TOO cool, Barbara! Love it.
Winchester Lady, I keep forgetting to mention that Mary Berry is to have a new cooking show, the Recipes of the Great Houses, or something like that, I can't WAIT and I can't get BBC1, what a fabulous idea. Mel and Sue are to have one about singing and dancing for Comedy Relief or something like that, on BBC1, and there are two specials already filmed in addition to the latest Great British Bake off for us to see. For some reason, and I don't want to jinx him, but I can't see Paul and Nigella doing a Great British Bake Off, but what do I know? It may be the greatest thing since sliced bread.
AND there is a new Sherlock, with Benedict Cumberbach and Co., or so I read, coming in 2017.
As for reading, I needed something escapist so I made the mistake of picking up the sequel to the Gold Coast, The Gate House by Nelson DeMille and now am 3/4ths through. It's not as good as The Gold Coast, and there seem to be less flamboyant sex scenes (there's really only one, a fairly ridiculous one, in my opinion, in The Gold Coast but it's right smack in the beginning), but it's a continuation of characters you care about as they go thru the changes in the great houses on Long Island, and once those characters hook you, it's hard to let them go. I like the male protagonist. I can't say the same for any other characters in this book but he's good. He's a John Grisham type of lawyer.
Speaking of Grisham, is anybody reading the new John Grisham?
I'm still actually reading Bleak House, am trying to read it as I said within the chapters as they were published. It's a comforting read to sink into, and of course, as December, cold, fireplaces and the holidays near, nothing beats Dickens in December....I just need to catch up to the movie which I got too far ahead with.
And I'm reading T.P. Wiseman, who is supposedly the model for Dumbledore in JK Rowling's Harry Potter series. He taught Rowling at Exeter. If classicists are your taste, you'll want his Historiography and Imagination, Eight Essays on Roman Culture, I'd get it in the library, all his books are extremely pricey to be so small and succinct but boy does he hand it to Theodor Mommsen, probably the most eminent Roman historian of the past on the subject of Cicero.

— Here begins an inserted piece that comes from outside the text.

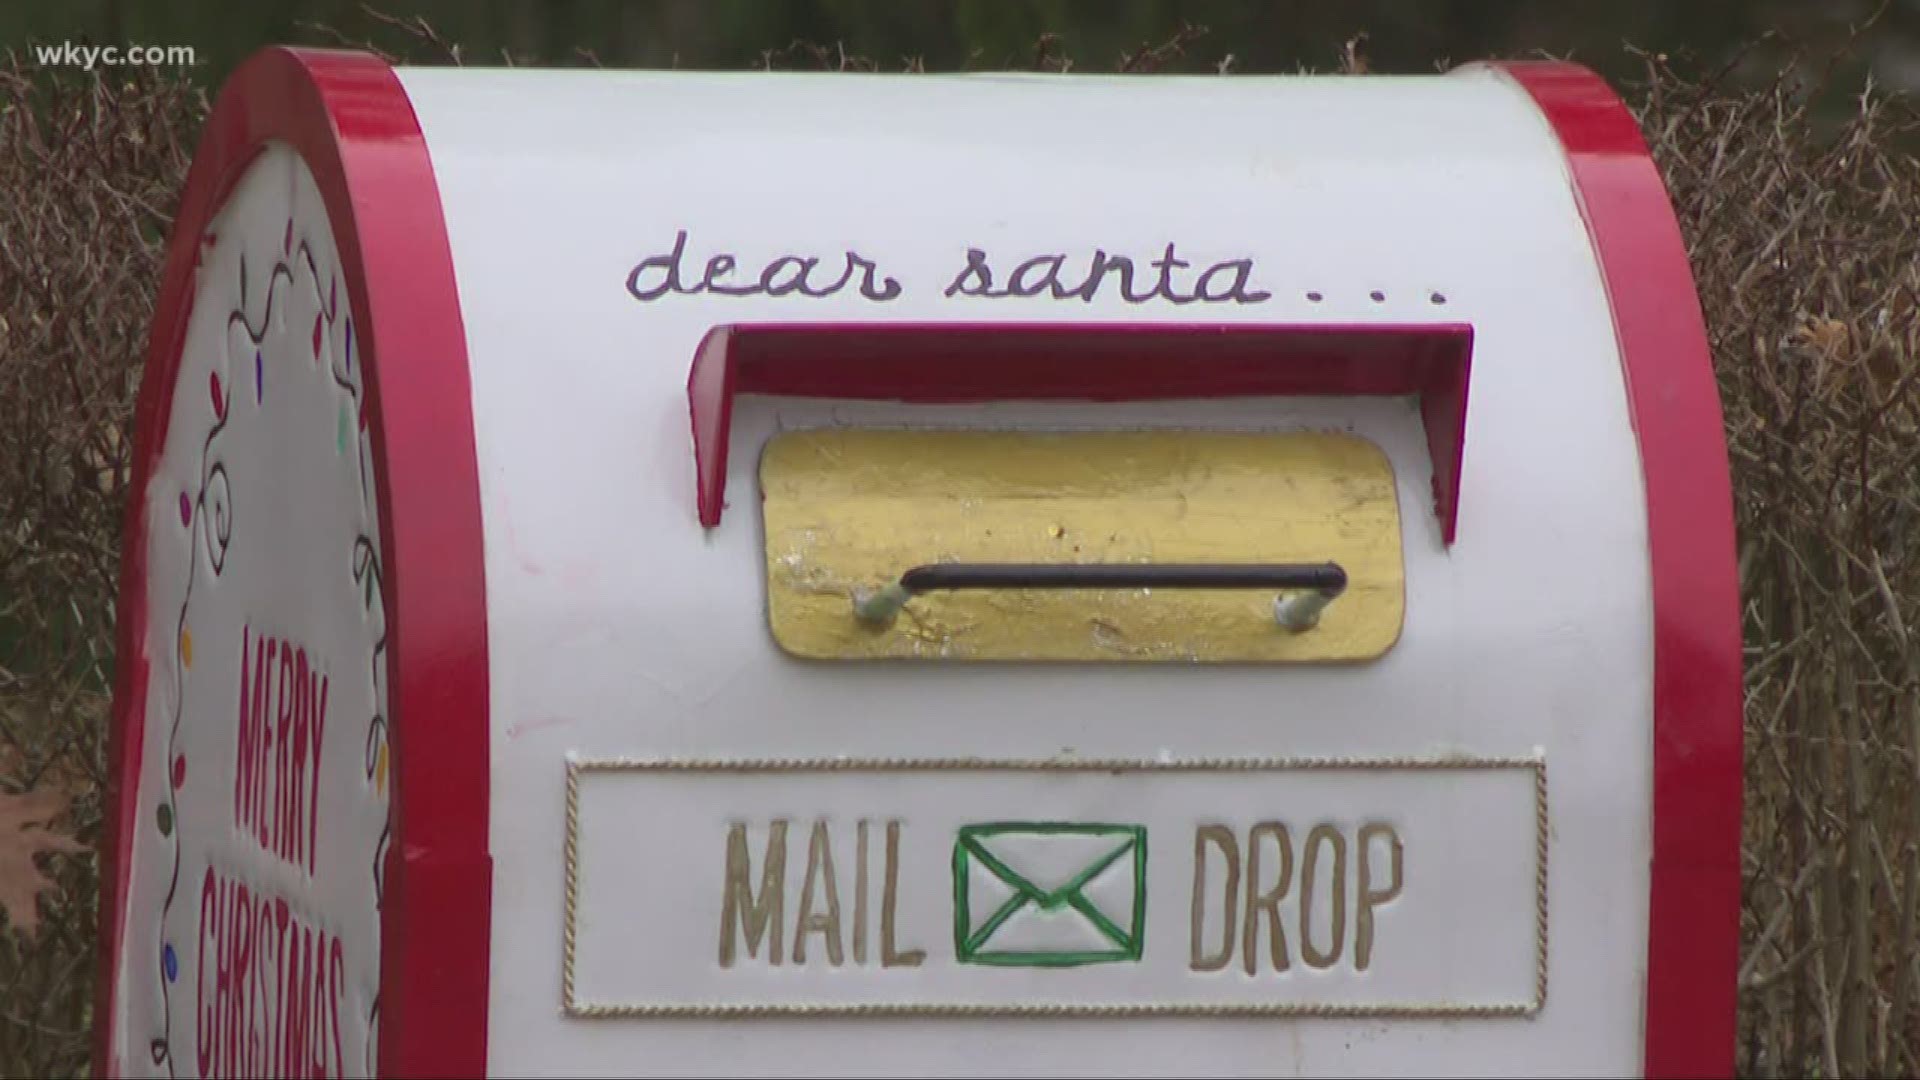 For the past 4 years, the people of Hudson have been experiencing the holiday magic in the form of a mailbox. It's all to give children a direct line to Santa Claus.

Anybody who thinks academics are dull needs to read Wiseman. Actually I have to say that Mommsen himself, whom I have just started reading, laid it out on the subject of the "demagogue" and described some Roman speeches which sound suspiciously like what we are seeing today in the news. To wit:
"Cato was already acquainted with men who made a trade of demagogism, who.....hired listeners if they could find no willing audience, and whom people heard as if they heard the market- crier, without listening to their words or , in the event of needing help, entrusting themselves to their hands. In his caustic fashion the old man describes those fops formed after the model of the Greek talkers of the Agora, dealing in jests and witticisms, singing and dancing, ready for anything; such an one was, in his opinion, good for nothing but to exhibit himself as a harlequin, and to bandy talk with the public. He would sell his talk or his silence for a bit of bread. "
That's what I'm reading, anybody reading anything good? Or bad?